Wade v. General Motors Corp.

501 N.W.2d 248 | Mich. Ct. App. | 1993

199 Mich. App. 267 (1993)
501 N.W.2d 248

WADE
v.
GENERAL MOTORS CORPORATION

Docket No. 127023.

Michigan Court of Appeals.

Submitted June 16, 1992, at Lansing.
Decided April 6, 1993, at 9:30 A.M.

Joel L. Alpert, for the plaintiff.

Braun, Kendrick, Finkbeiner, Schafer & Murphy (by Bruce L. Dalrymple and Scott C. Strattard), for the defendant.

*268 Before: SULLIVAN, P.J., and MacKENZIE and I.B. TORRES,[*] JJ.

PER CURIAM.

Defendant appeals by leave granted from an opinion and order of the Workers' Compensation Appellate Commission, which affirmed the decision of a magistrate and awarded plaintiff continuing benefits for partial disability attributable to a 1984 wrist injury. We affirm in part and reverse in part.

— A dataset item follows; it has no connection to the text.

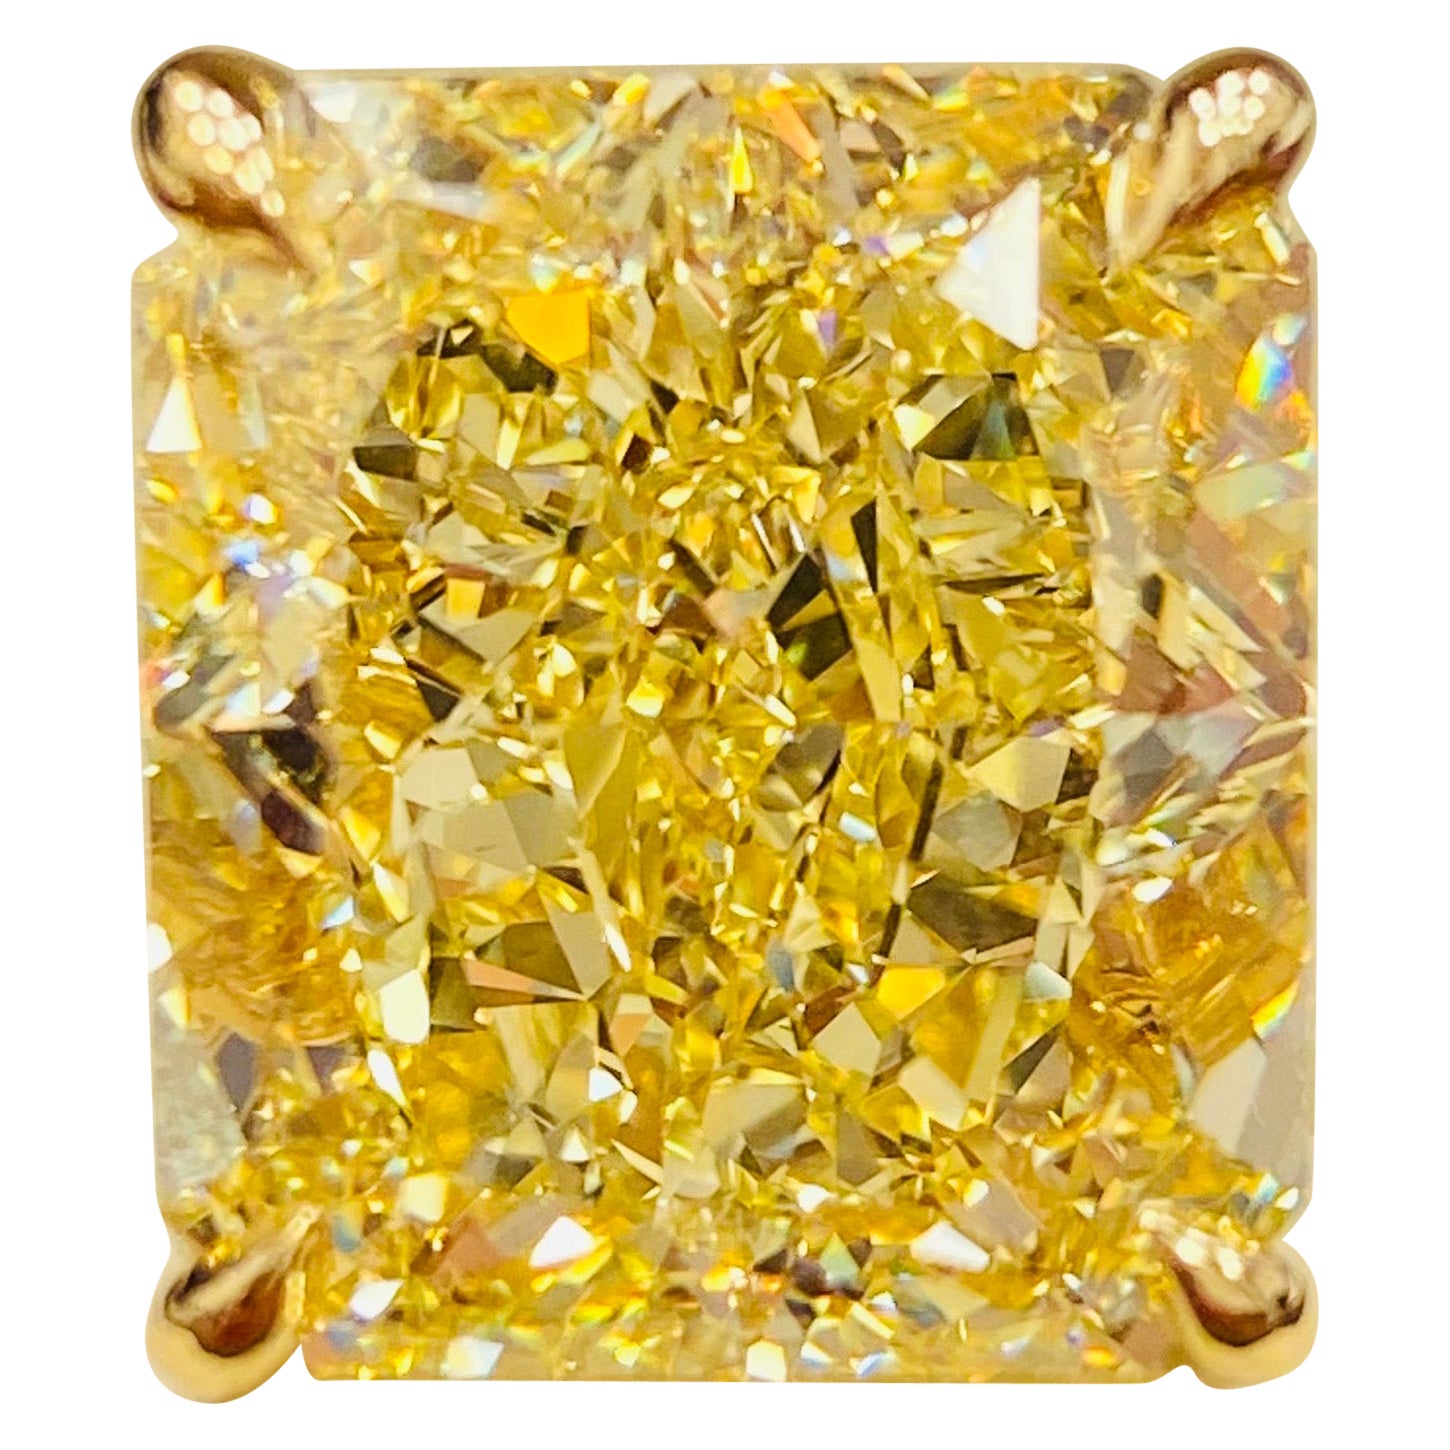 Emilio Jewelry GIA Certified 41.00 Carat Fancy Intense Yellow Diamond Ring (bague en diamant jaune intense certifié GIA)
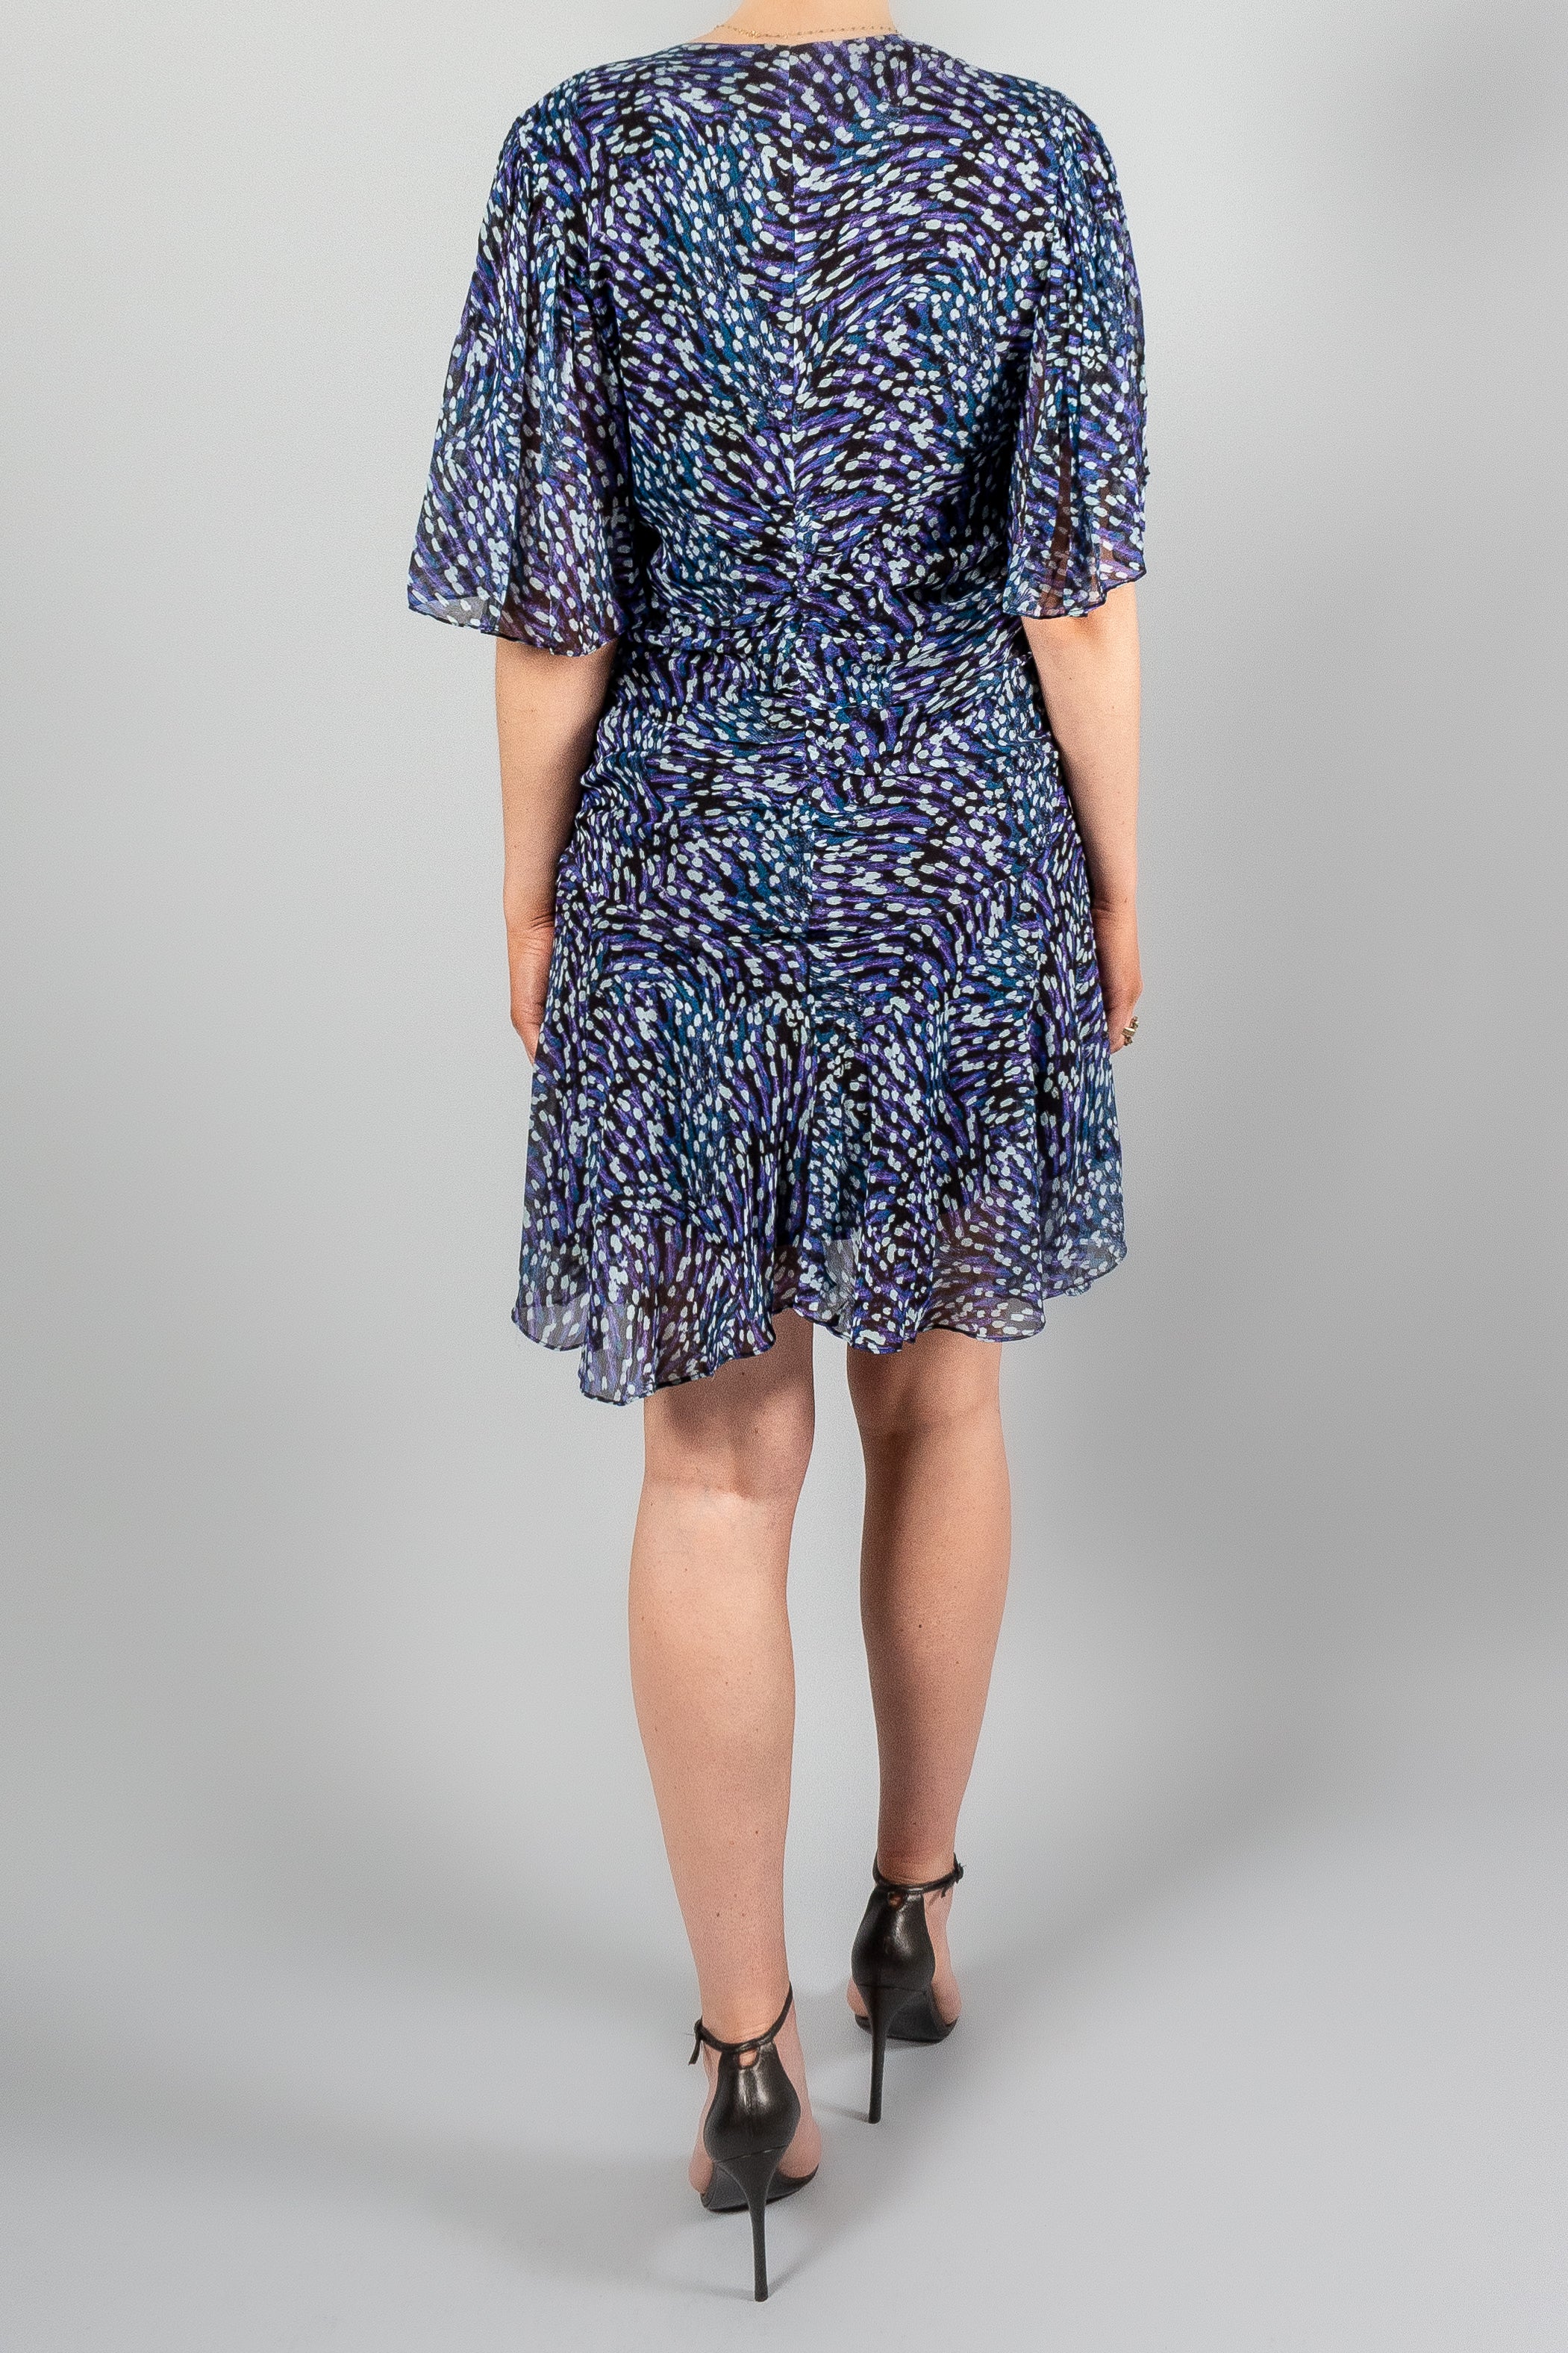 Isabel Marant Etoile Vivienne Dress-Dresses and Jumpsuits-Misch-Boutique-Vancouver-Canada-misch.ca

Plaintiff injured his left wrist in June 1984 while employed as a press operator. Following his injury, plaintiff was assigned to light-duty work that he could do one-handed. Plaintiff later attempted to return to the press job, but the work proved to be too painful.

Plaintiff ultimately sought and received a transfer to a job as tow-motor operator. This job involved driving a cart to haul racks of parts around the plant. While the driving could be done one-handed, hooking the carts to the racks sometimes could not be, and plaintiff frequently received help from fellow employees in handling the racks.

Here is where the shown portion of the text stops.